4. A cooling tube according to claim 3, wherein the first connection portion is provided with a first connection protrusion protruding at least on one side in the second direction, the inlet penetrating the first connection protrusion in the second direction; and/or the number of the groups of groups,

the second connecting part is convexly provided with a second connecting protrusion along at least one side of the second direction, and the outlet penetrates through the second connecting protrusion along the second direction.

5. A cooling tube according to claim 3, wherein the first cooling tube section comprises a plurality of first cooling channels extending in a first direction, the plurality of first cooling channels being distributed sequentially in the third direction, the inlet communicating with the plurality of first cooling channels; and/or the number of the groups of groups,

the second cooling pipe section comprises a plurality of second cooling channels extending along a first direction, the plurality of second cooling channels are distributed in sequence along the third direction, and the outlet is communicated with the plurality of first cooling channels.

6. A cooling tube according to any one of claims 1-5, wherein the first cooling tube section is corrugated plate, the corrugation direction of the first cooling tube section being consistent with the first direction; and/or the number of the groups of groups,

the second cooling pipe section is a corrugated plate, and the corrugated direction of the second cooling pipe section is consistent with the first direction.

7. A cooling assembly, the cooling assembly comprising:

a plurality of cooling pipes according to any one of claims 1 to 6, wherein the plurality of cooling pipes are sequentially and alternately distributed along the second direction, and the inlet and the outlet of the plurality of cooling pipes are positioned at the same end of the cooling pipe along the first direction;

the liquid supply pipeline is positioned at one end of the cooling pipe fitting, provided with the inlet, and is communicated with the inlets of the plurality of cooling pipe fittings;

and the liquid return pipeline is positioned at one end of the cooling pipe fitting, which is provided with the outlet, and is communicated with the outlets of the cooling pipe fittings.

8. The cooling assembly of claim 7, wherein the inlet and the outlet of each cooling tube are sequentially distributed along the second direction.

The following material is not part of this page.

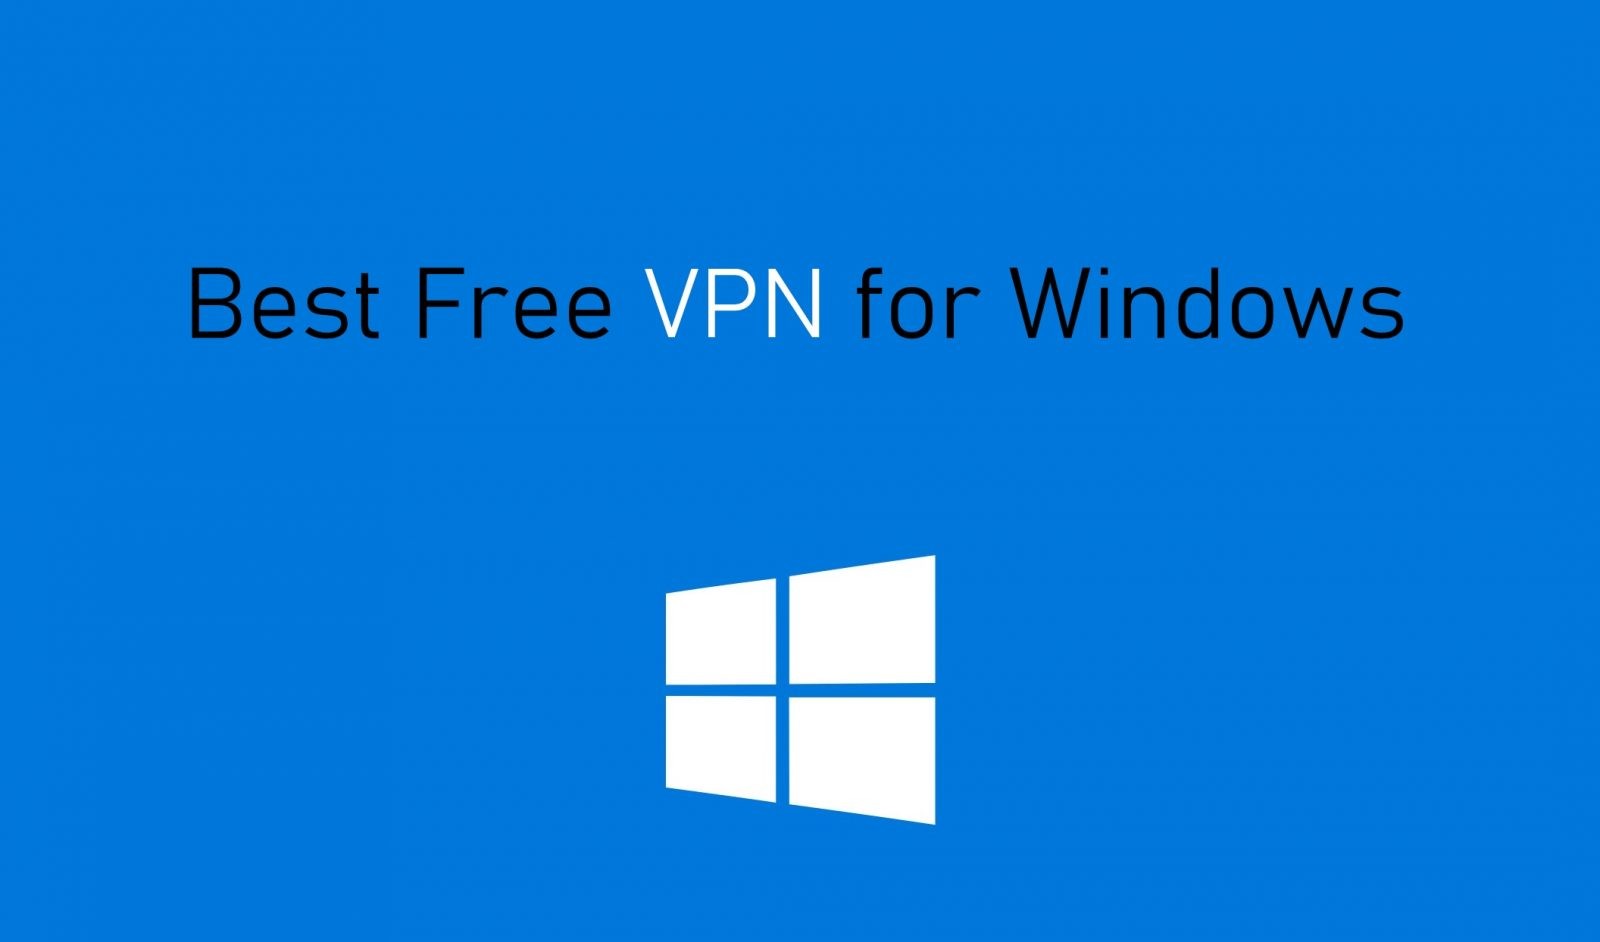 dl free vpn for windows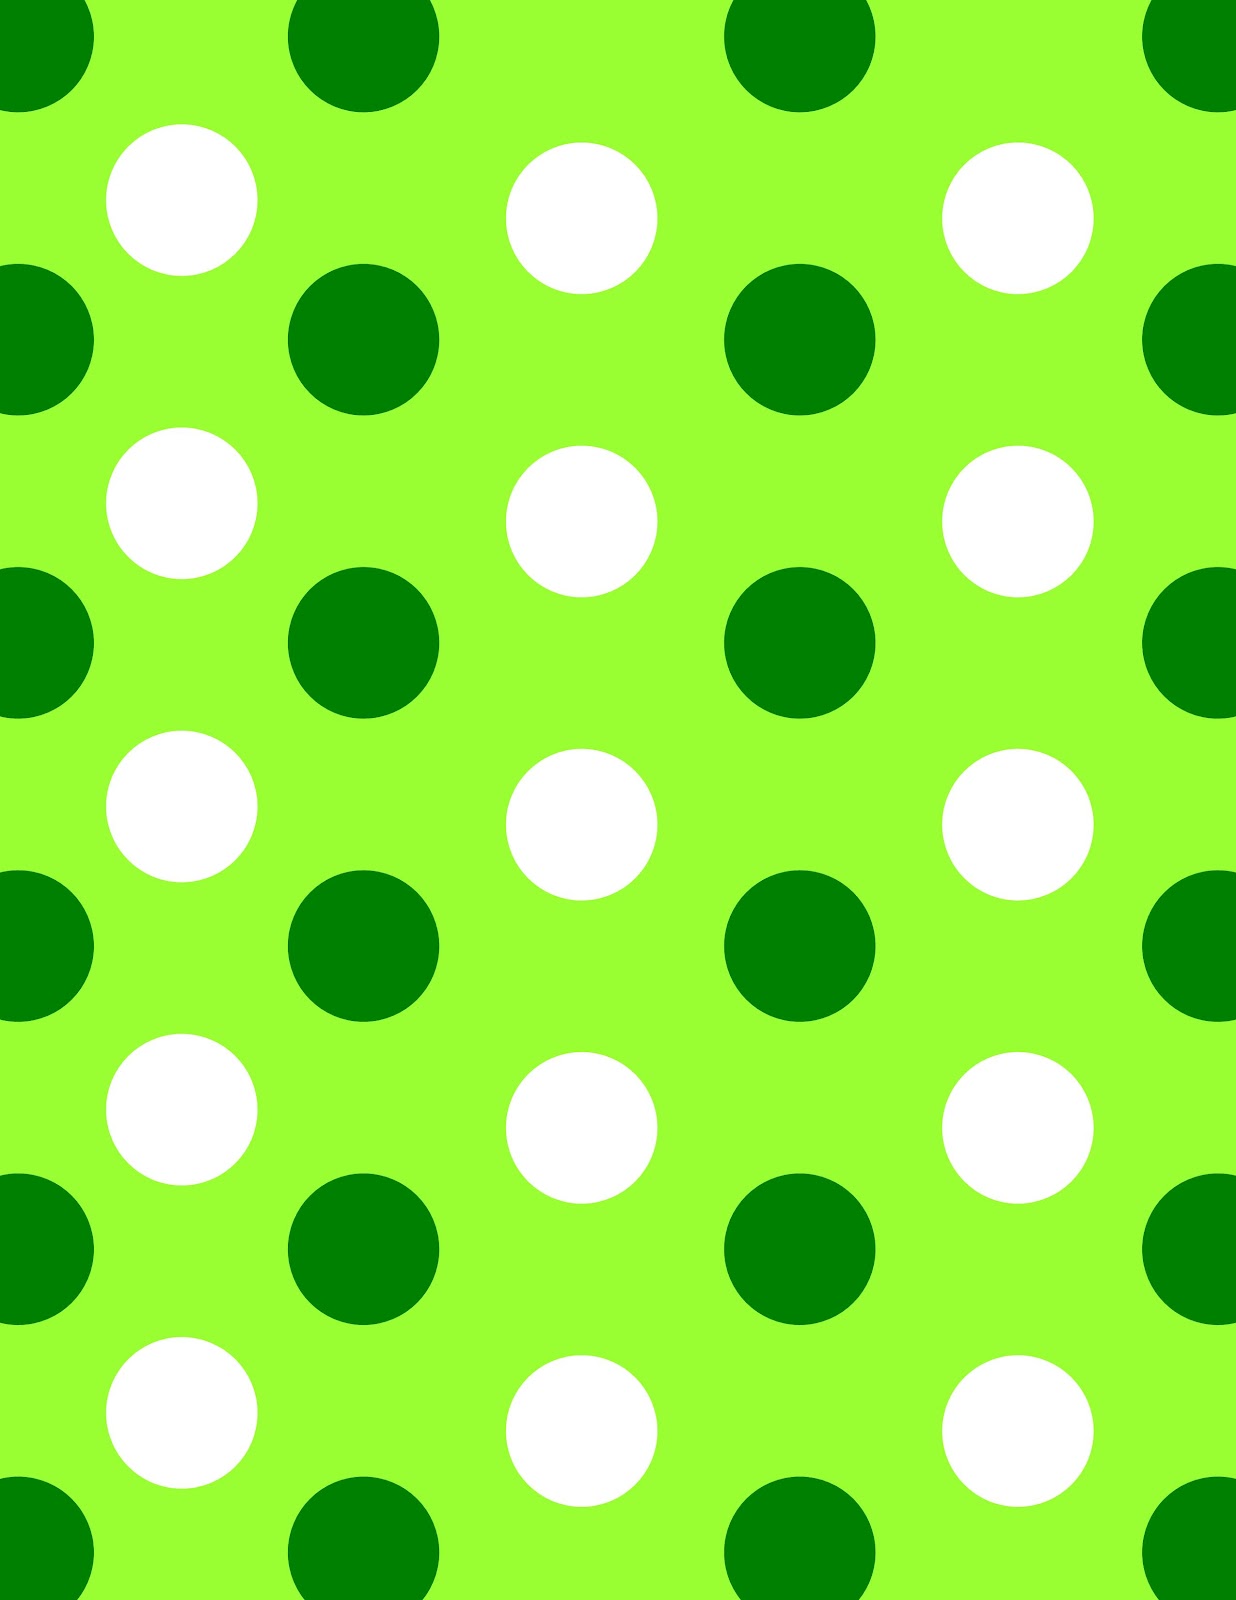 Green and purple polka dot wallpaper clipart

9. The cooling assembly of claim 7, wherein the liquid supply line comprises a first bellows connected between the inlets of adjacent two of the cooling tubes; and/or the number of the groups of groups,

the liquid return pipeline comprises a second corrugated pipe connected between the outlets of two adjacent pipe fittings.

10. A battery module, comprising:

a battery cell; the method comprises the steps of,

a cooling assembly according to any one of claims 7-9, said electrical cells being provided in an installation space of said cooling assembly.